* **Supplied data**:
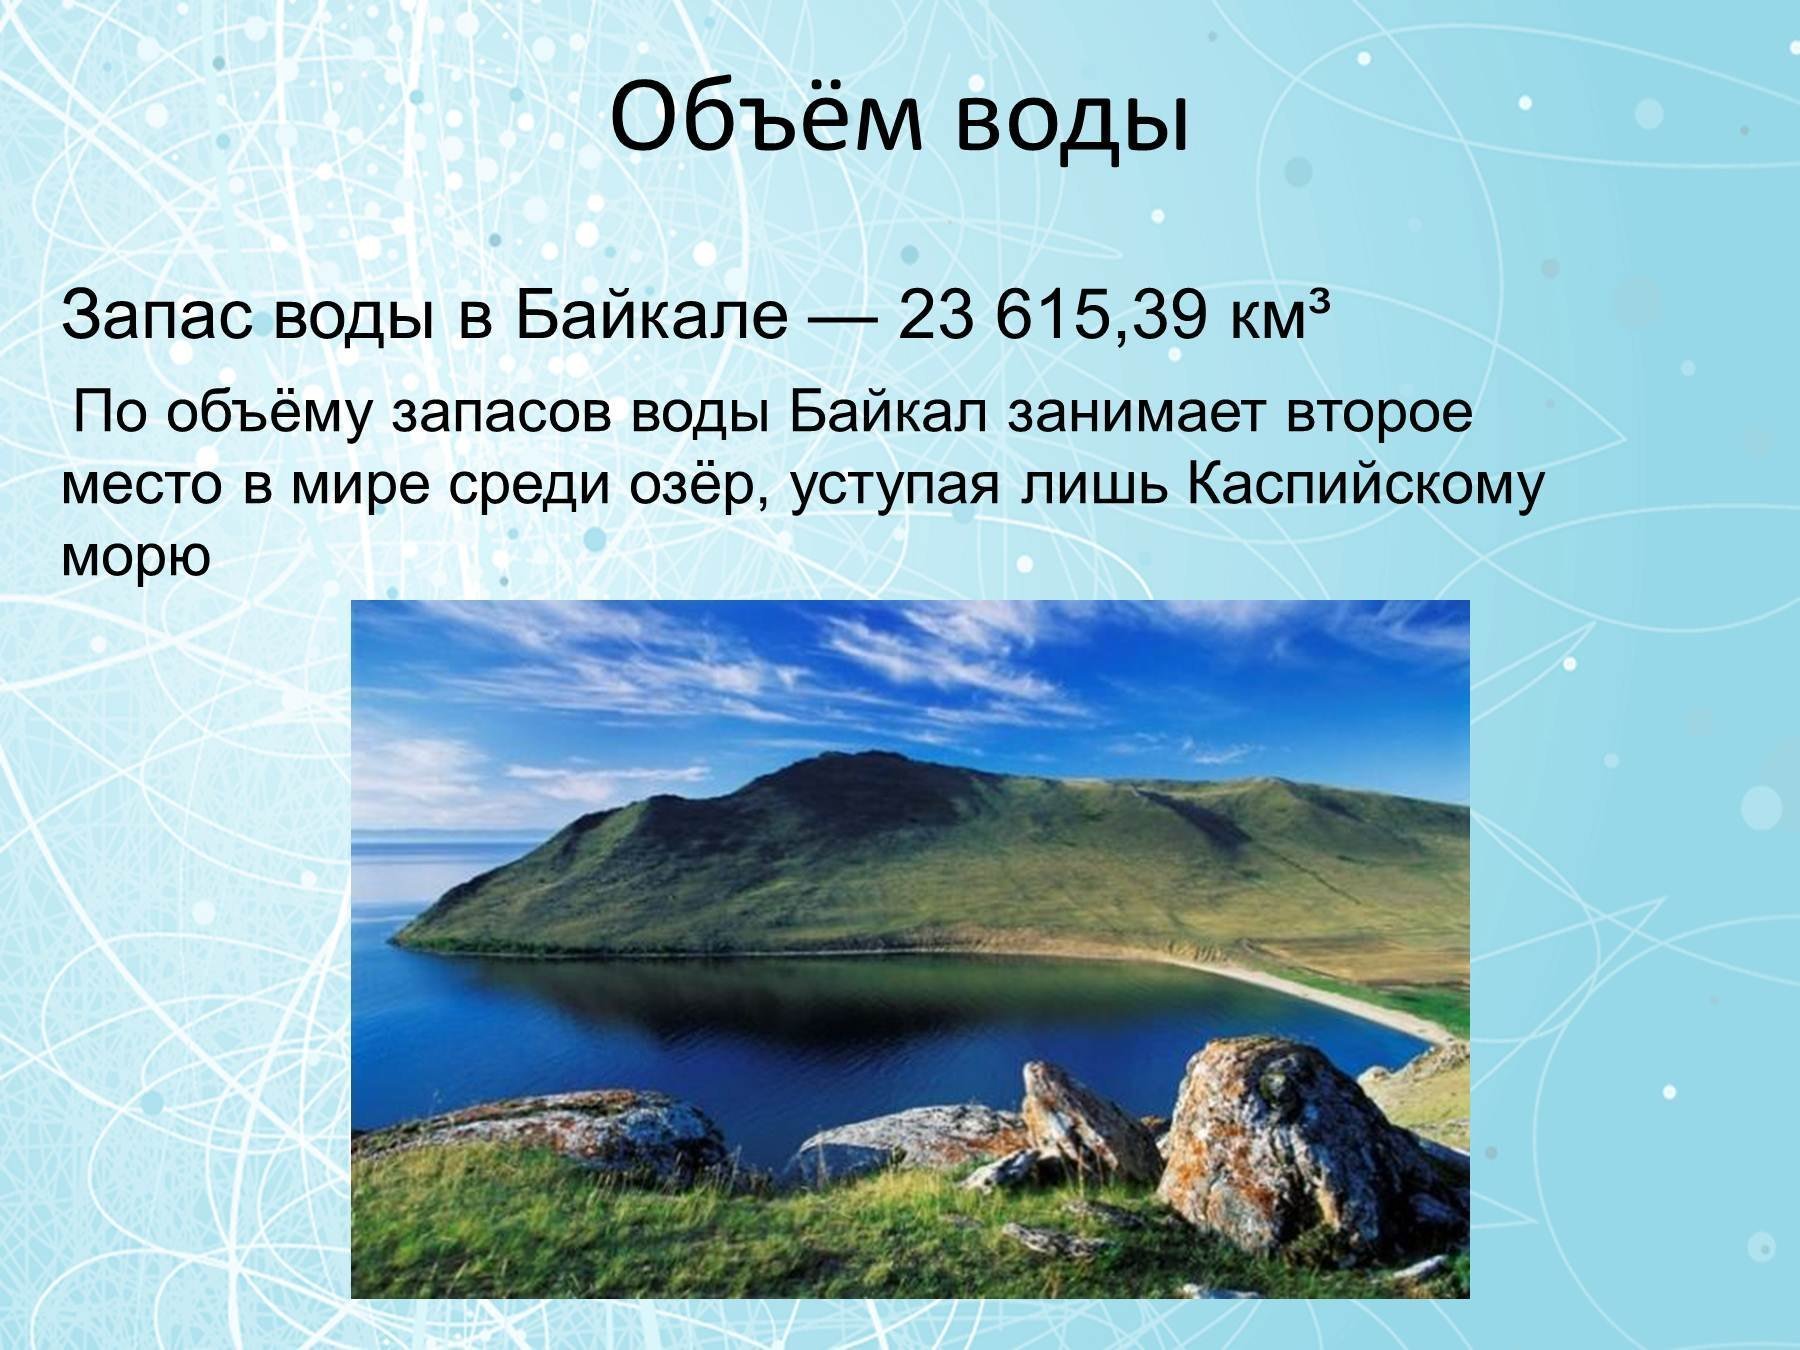 Процент воды в байкале. Объем воды в Байкале. Озеро Байкал объем воды. Запасы воды в Байкале. Объем озера Байкал.
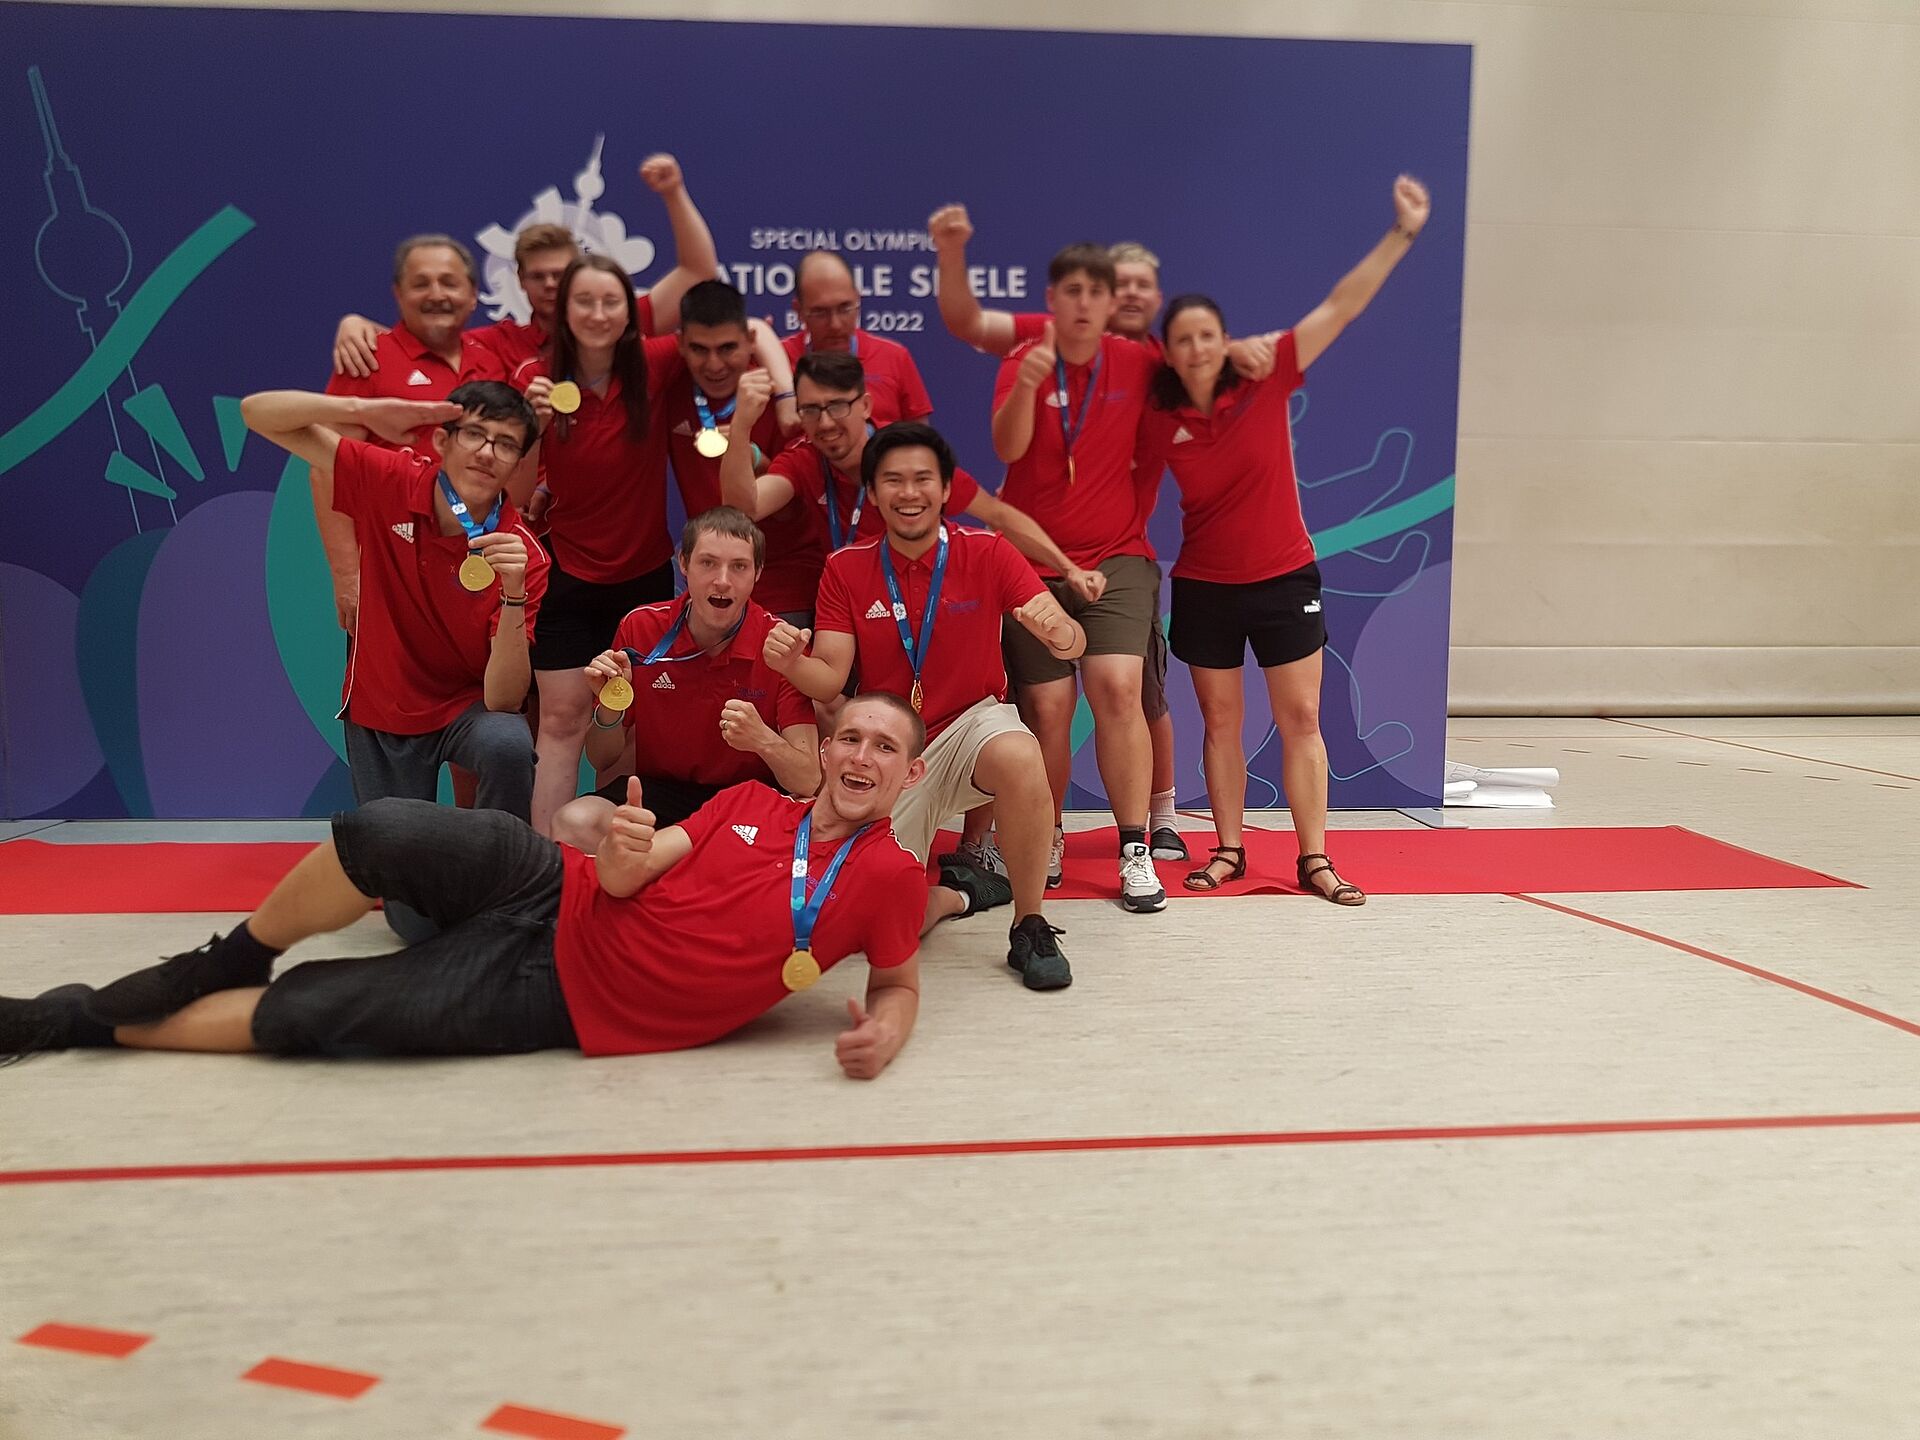 Siegreiche Handballmannschaft bei den Special Olympics
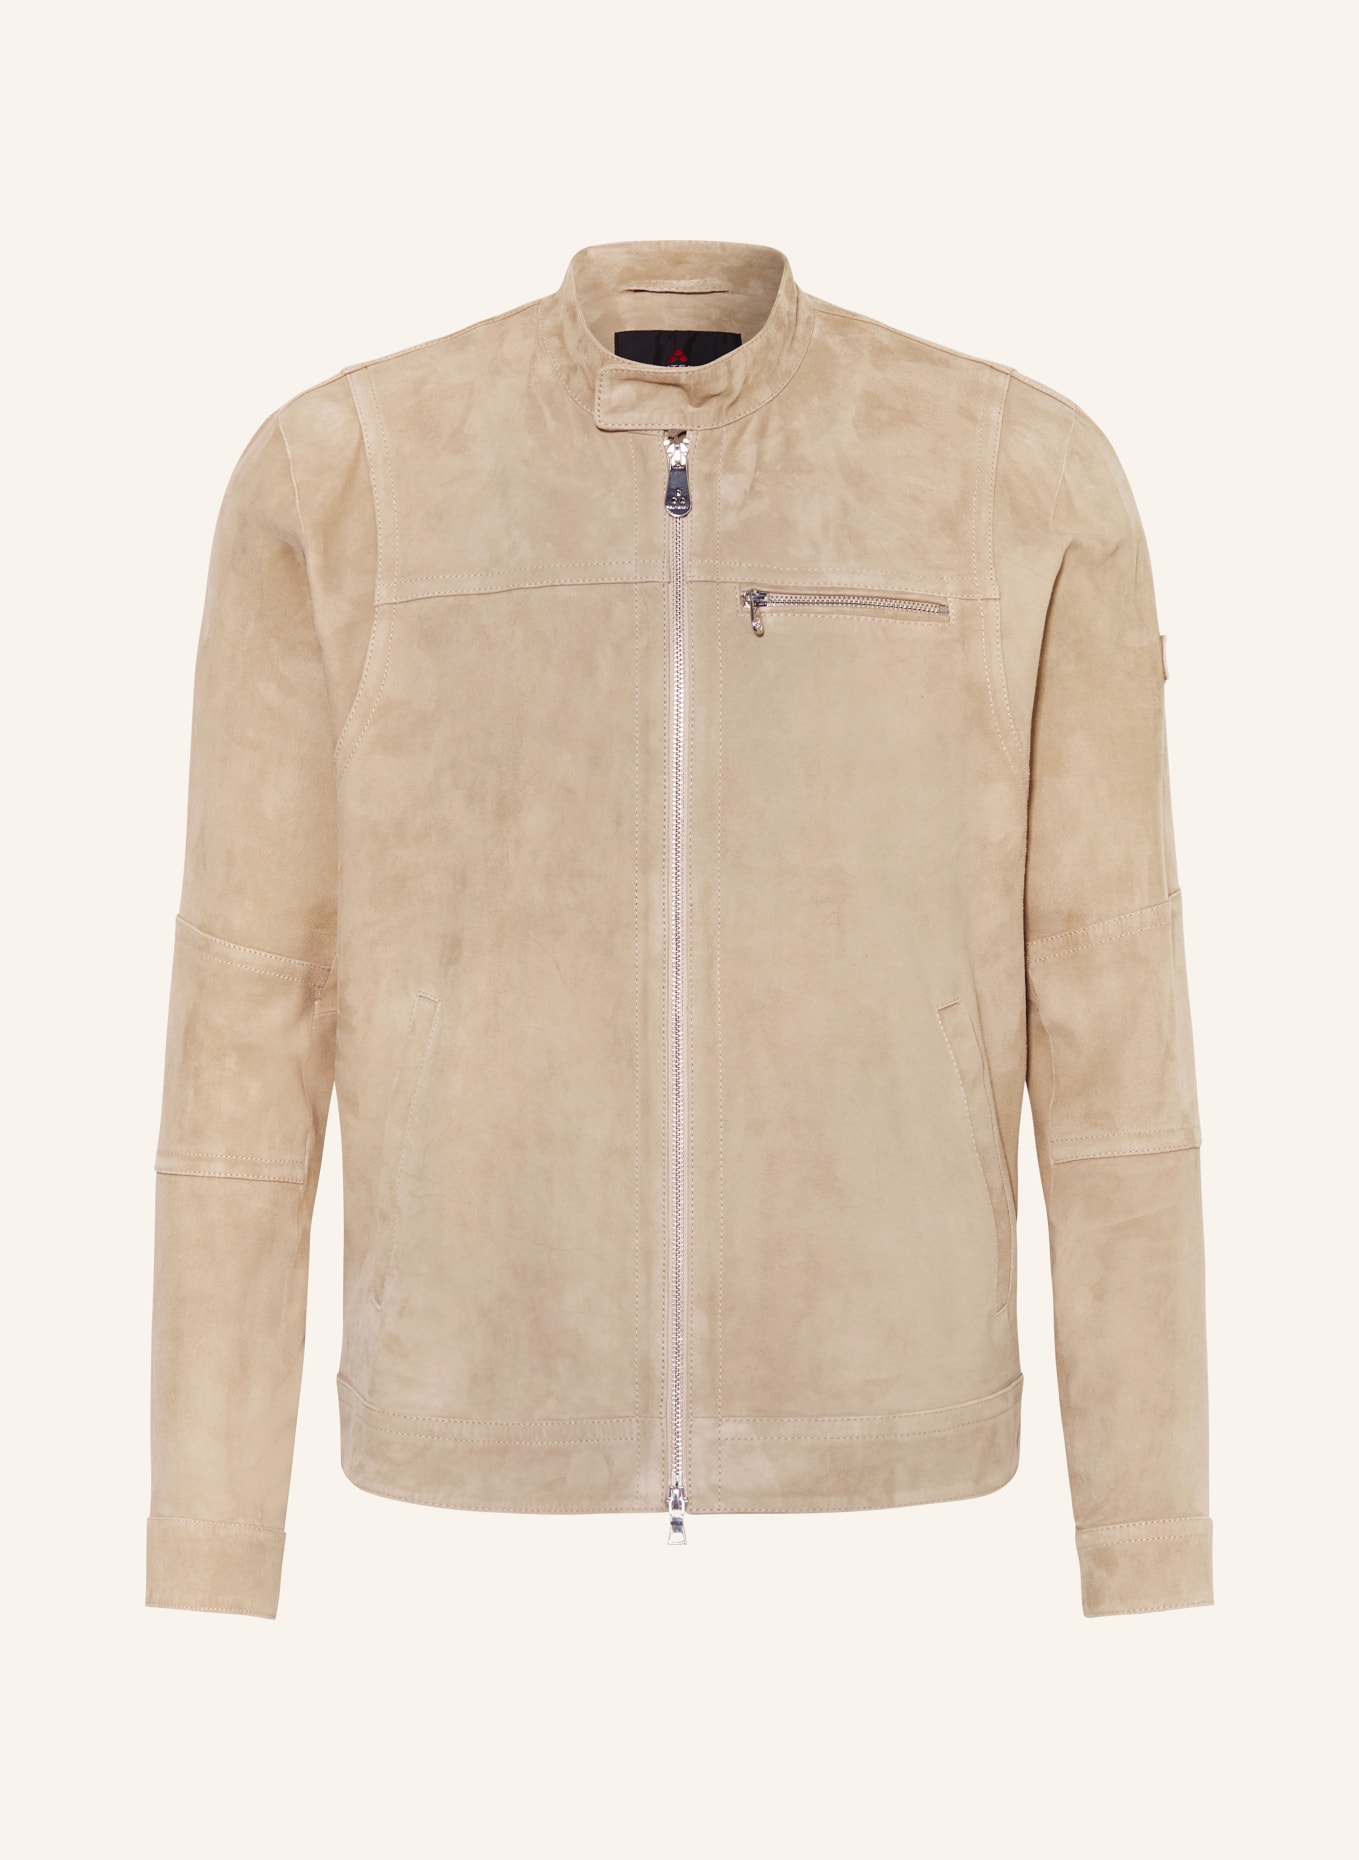 PEUTEREY Leather jacket SAGUARO in beige

* **What you have to do**: An exact reproduction of the material is needed, without its images.

* **Output for this task**:
 Процент воды в байкале. Объем воды в Байкале. Озеро Байкал объем воды. Запасы воды в Байкале. Объем озера Байкал.
 Siegreiche Handballmannschaft bei den Special Olympics
 PEUTEREY Leather jacket SAGUARO in beige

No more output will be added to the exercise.